琉球留記?焼(やち)物(むん)

 わたくしは焼物(陶器、磁器など)については分からない。
 目利きの世界では、日本料理(和食)は器で食べるともいわれる。ただし、器を食べるということにはならないようである。以前、石を食べるということを聞いたことがあるけれども、おそらく岩塩かそれに類したものであろうか、また、土の類を食す習慣は今でもあるとも聞いた。よほど、環境のすぐれた場所でないと、そうもいかない、とも思う。
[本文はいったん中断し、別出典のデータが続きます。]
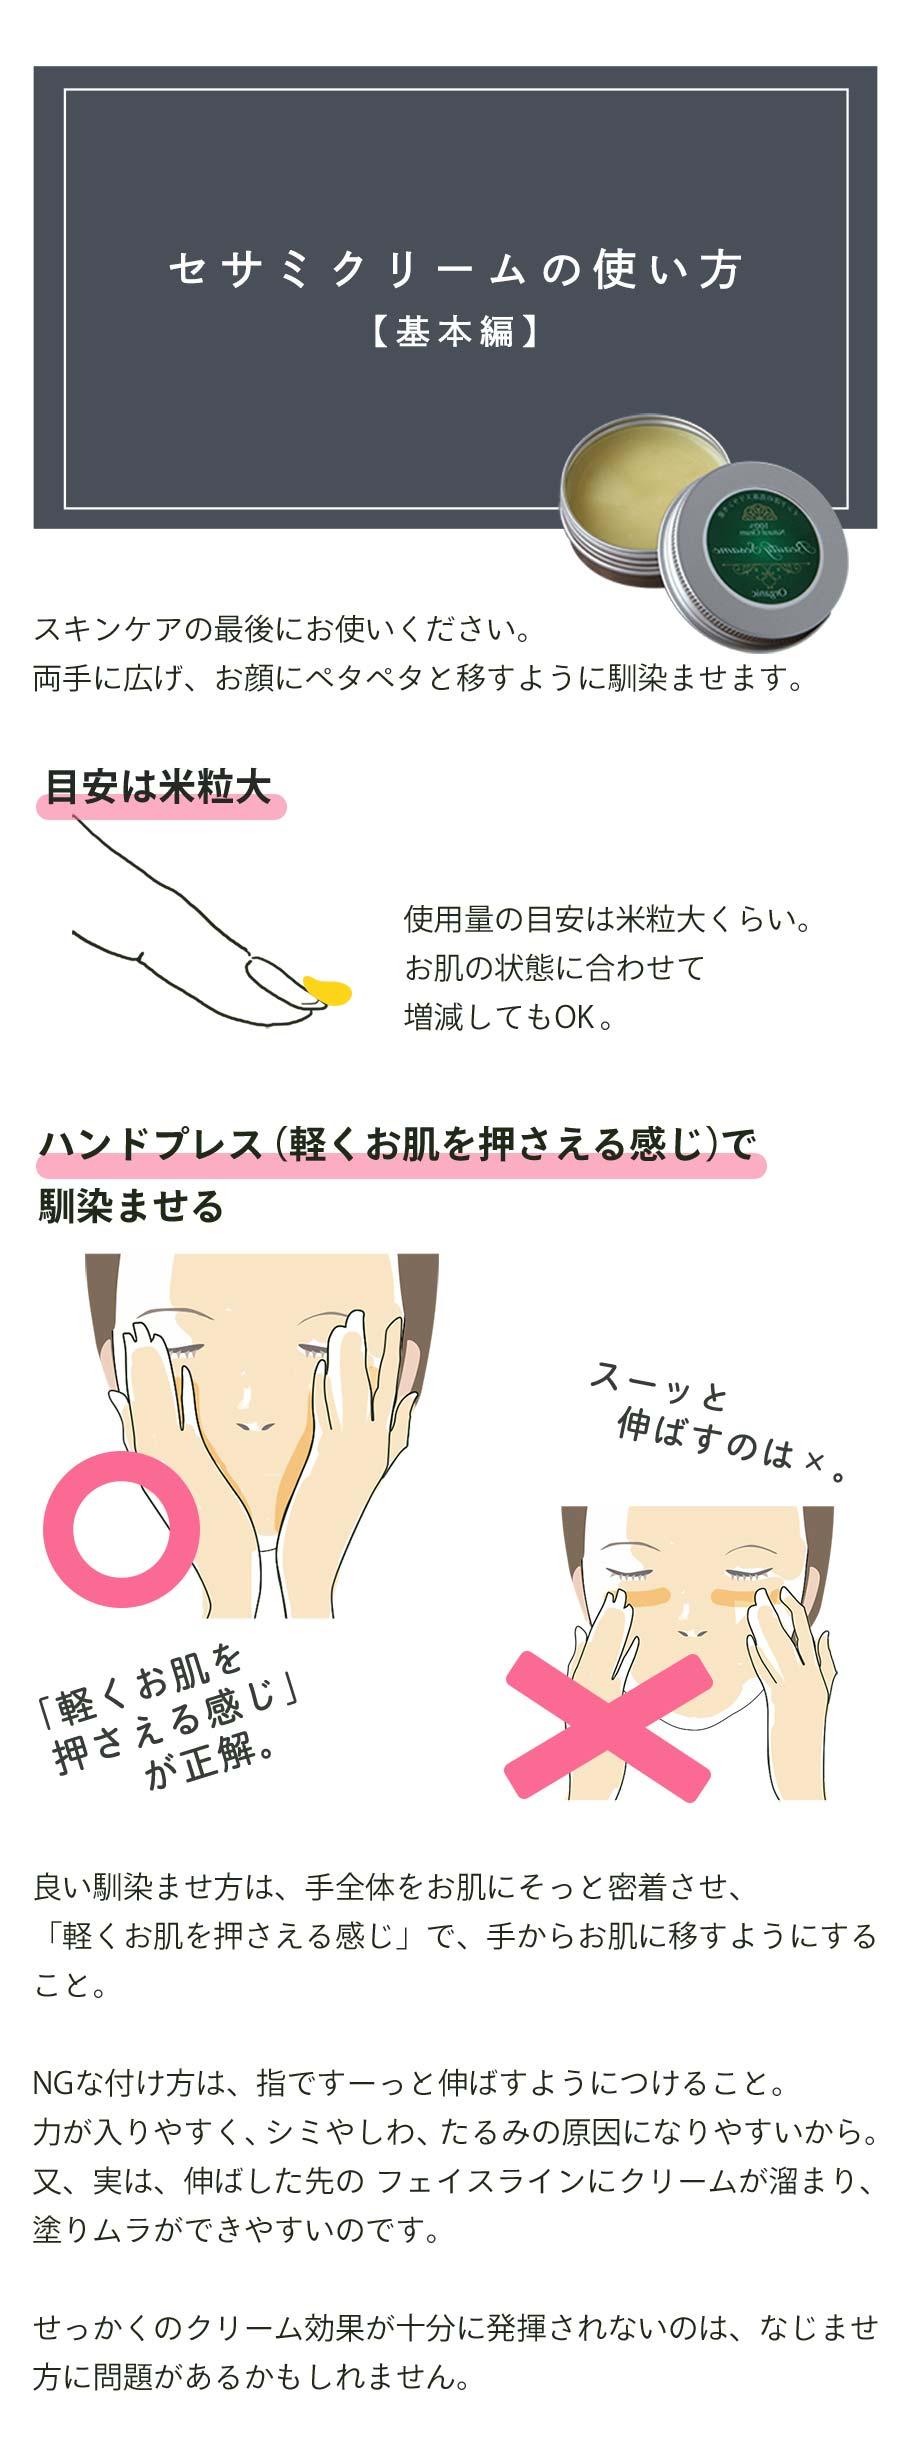 セサミクリームの使い方(基本編)

 那覇の宿から市場周辺を抜けると、すぐに壺屋の焼物街があり、これまでにも何度かその前を通っている「壺屋焼物博物館」を初めて訪ねた(4日)。大きな施設ではない、だから、いつでも「行ける」というスキが心の中にあったのであろう、これまで行っていないのがおかしいぐらいである。東京あたりの琉球料理屋さんに行き、(オリオンビールのあとに)泡盛を頼むと、必ず聞かれるのが、からからか抱瓶(だちびん)かであるが、いずれもヤチムン(焼物)である。前者は薩摩焼黒千代香または黒茶家〜くろじょか)にもあって、極端にいえば、土瓶蒸しのドビンのような什器であり、これは全国かしこにある。ただし、からからにはジョカや土瓶のような把っ手がない。したがって、うっかり手を滑らすと、折角のおご馳走(泡盛)が台無しになる危険性があり、また、器自体が熱くなるので燗には向いていない。もっとも、琉球ではその(燗をする)必要性はほとんどない。(2月時分の寒い時季〜10℃台〜に呑まれている方がいらっしゃるけれども)※薩摩焼などにも把っ手なしがある
 琉球の焼物の歴史は壺屋だけではない、本島はじめ、各島嶼にもあって、もちろん、大陸伝来なのであろう。同博物館で展示及び10数分ほどの大画面スクリーンによる歴史を学んだつもりであるけれども、何も憶えていない・・・。したがって、他所様のサイト(『大地が育んだ用の美』〜沖縄県)をもとに、少し記すと、琉球に焼物が根づいたのは15〜16世紀であるらしく、当時は那覇近辺のみならず、本島全域に点在していたようである。もともと、焼物というのは暮らす(食べる、呑む)うえでの器としての「用」が主であるから(それ以外に信仰的な器もある)、それ以前(窯がない)は大陸や日本から輸入もされていたともある、まだ、琉球が統一されていない時代であり、それが、統一とほぼ同時期に自前の窯ができ、ヤチムンが作られ、17世紀末に壺屋の地に窯を統合したとある。理由については展示の中で、「琉球の重要な輸出品として、統制された」という記述があったようにも記憶している。もちろん、以上の記述には「土器」という歴史は含まれていない。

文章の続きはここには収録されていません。